For a while we presumed that the right now understood the importance of cultural production/consumption in a post-industrial age — the model being Jeff Kennett, who saw the opportunity to use culture to push Melbourne ahead of Sydney, and buy some political pacification, by cossetting the arts. Brandis is a different beast, less rational than Kennett — ! — in a government of student politicians waging culture war, and desirous of acting on his own tastes, which run to fanboydom. What to do against such a beast?

The answer, I think, is that campaigning for the arts by the arts will only get you so far. Yes people care more about it than they did. No, they still don’t care very much about it. The arts community has to simultaneously defend principles that they themselves are in dispute about, advance a wobbly industry model, and try to have a political impact. In pursuing the third of these, the answer seems to me to be that the arts community has to turn itself into a political army of sorts, willing to campaign on issues other than the arts.

What will remove this government and put in one more amenable to the arts is not how it treats the arts, but its threat of a Medicare co-pay, a return of WorkChoices under a different guise, its air of general incompetence and preoccupation, etc, etc. Campaigning on this is what dislodges it, and so the arts community should organise itself, or be organised into campaigning on these things, as well as the arts.

Here I’m thinking of something like a 1000 x 1000 campaign — 1000 people will sign up to give 1000 minutes of their time — just under 17 hours — to campaigning during or before the next election, as directed by whichever non-Coalition party they’d like to sign up to.
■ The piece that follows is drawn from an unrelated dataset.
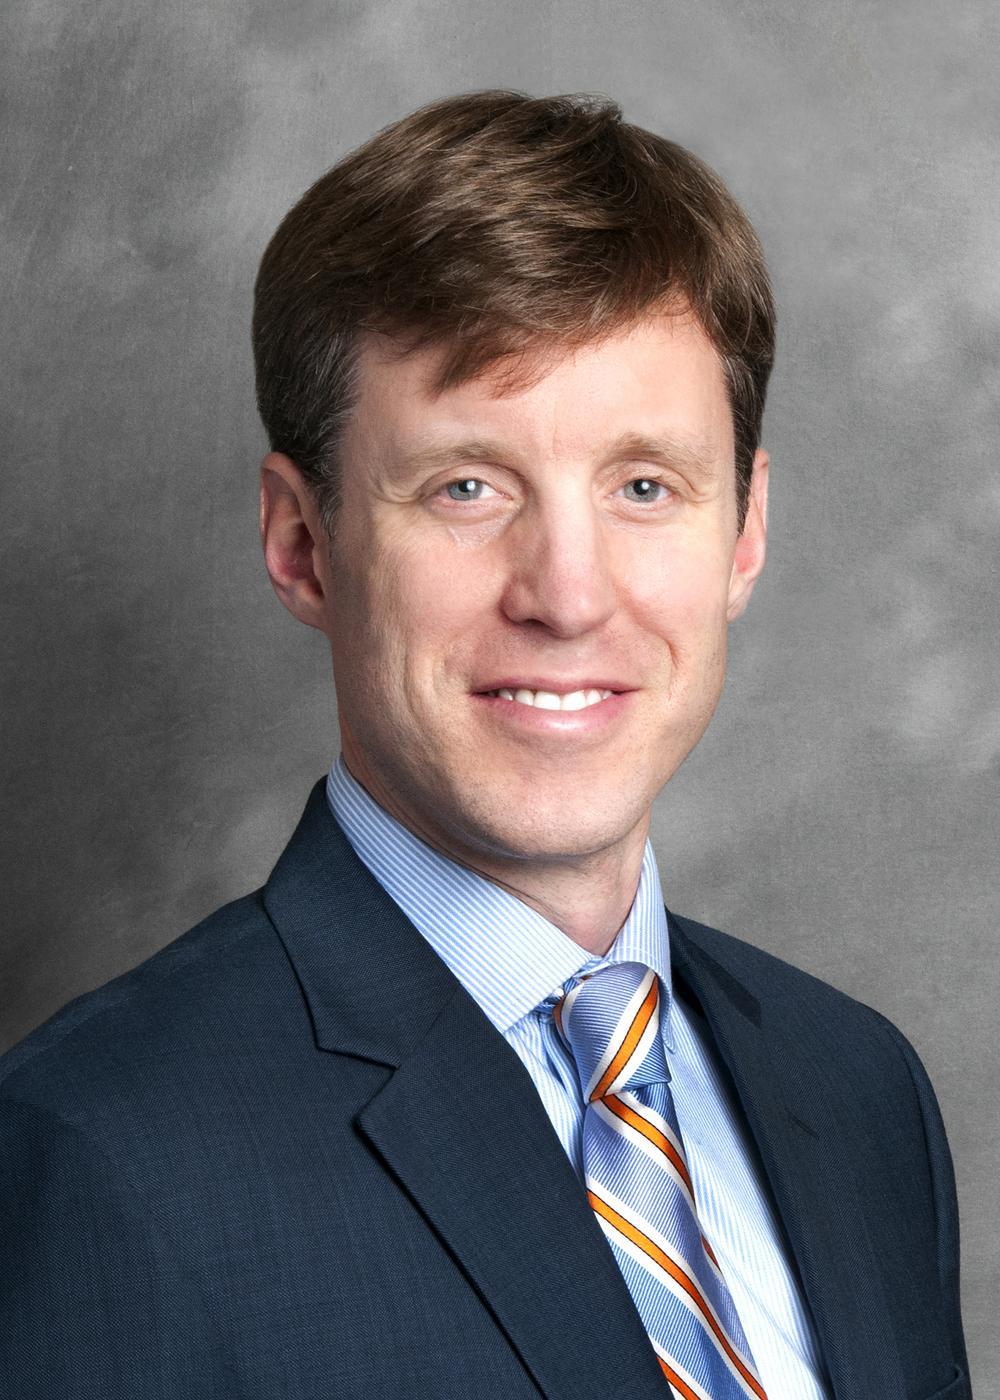 Scott T. Clanton, MS, CFP® Photo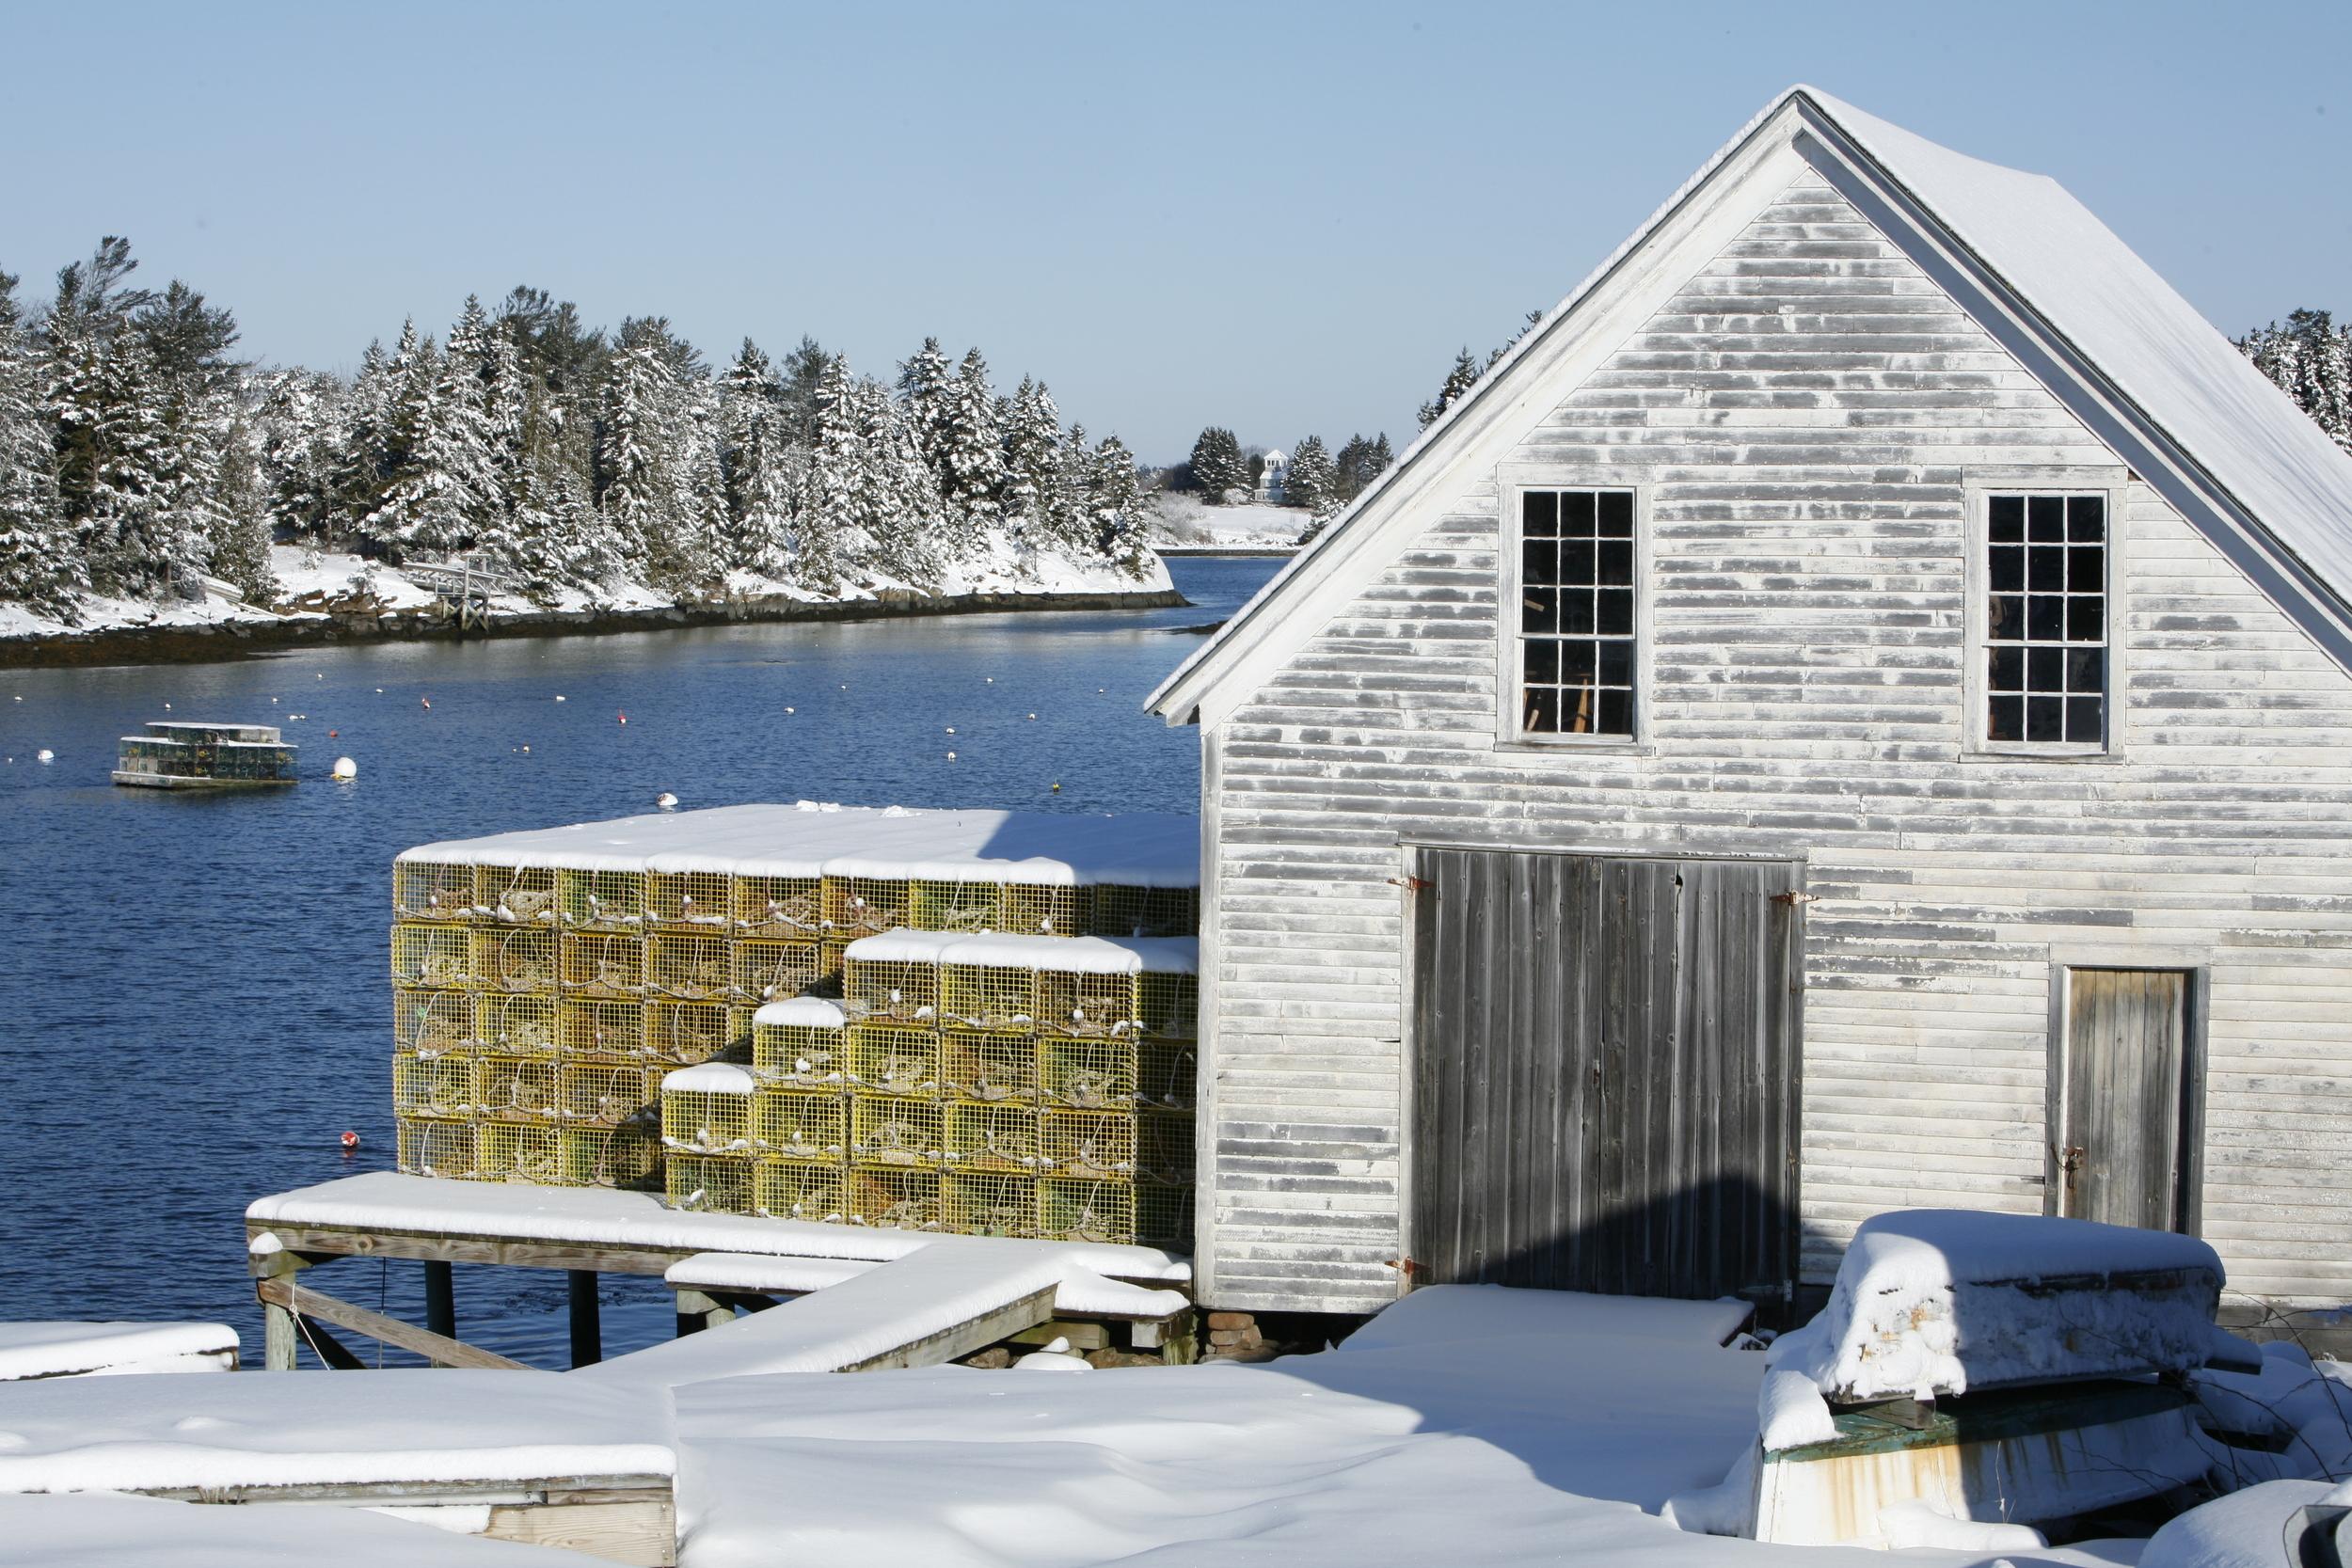 December: Cozy Harbor, Southport

Commitment to the campaign means you’d make yourself available to doorknock, leaflet, help organise, set up, fill out rent-a-mobs, whatever, in whatever marginal seats you are directed to — and then campaign on the issues that matter most there. Once a thousand people are signed up, a second thousand can be got, and so on.

This gets round the Coalition’s bluff on the arts — that no matter how much the yartz squeak about funding cuts, it makes no difference to the Coalition base and may even attract a few votes from people who don’t want any money going to those “wankers”. Creating a resource of time and energy that will target the Coalition where it is most vulnerable will make them sit up and take notice immediately. An extra 20,000 campaigning hours on the ground is more than enough to swing a tight election.

Hopefully, it’s something that someone will consider. Of course campaigning about the issue itself should continue. Just no more frigging dance-offs.